Pain News Network and the International Pain Foundation recently conducted a survey of over 1,250 pain patients and found that what is actually widespread in hospitals is poor pain care. Over half the patients surveyed said the quality of their pain treatment was poor or very poor and over 80 percent said hospital staffs are not adequately trained in pain management. Nine out of ten patients said they should be asked about their pain care in hospital satisfaction surveys.

“Before eliminating patients' right to critique their pain care, a better idea would be to ask doctors what they know about pain!” wrote one patient. 

When Pain News Network provided ACEP with the survey results, a spokesperson declined to comment on the findings.

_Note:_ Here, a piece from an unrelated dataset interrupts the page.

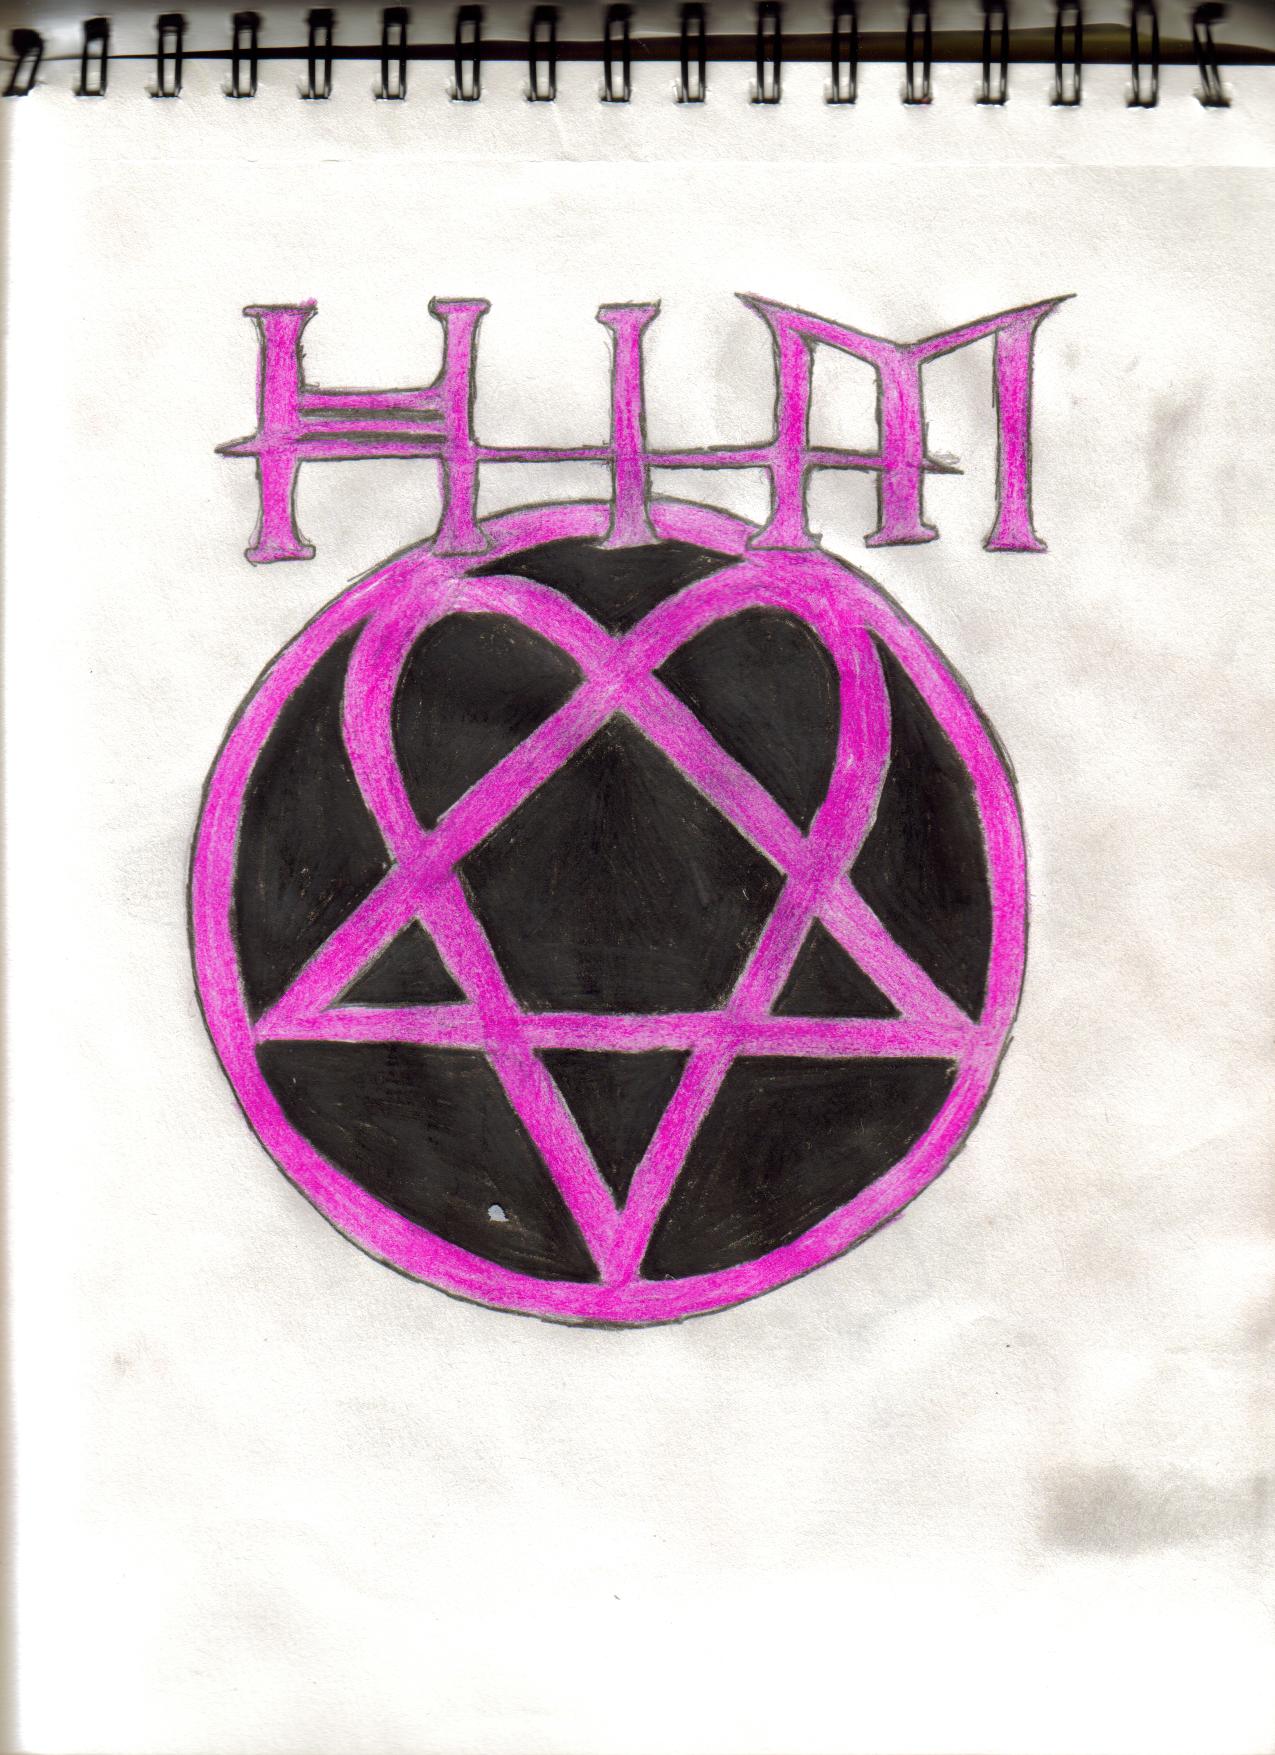 H.I.M. by Mcrluvr

A top Medicare official recently wrote an article in JAMA defending the HCAHPS survey.

"It has been alleged that, in pursuit of better patient responses and higher reimbursement, HCAHPS compels clinicians to prescribe prescription opioids. However, there is no empirical evidence that failing to prescribe opioids lowers a hospital’s HCAHPS scores," wrote Lemeneh Tefera, MD, Quality Measurement and Value-Based Incentives Group, Centers for Medicare & Medicaid Services.

"Although opioids are sometimes appropriate, depending on the underlying cause, other nonpharmaceutical approaches and multiple nonopioid pain medications are available to treat pain. Nothing in the survey suggests that opioids are a preferred way to control pain. On the other hand, good nurse and physician communication are strongly associated with better HCAHPS scores."

“I find this notion that we would stop asking patients how well their pain was controlled in the hospital appalling,” said Cindy Steinberg, National Director of Policy and Advocacy for the U.S. Pain Foundation. “I find it perverse that we would be more concerned with whether doctors in a hospital setting felt ‘pressure’ to provide pain relief than whether patients felt the hospital staff did all they could to help them with their pain. What ever happened to the focus on ‘patient-centered’ care?"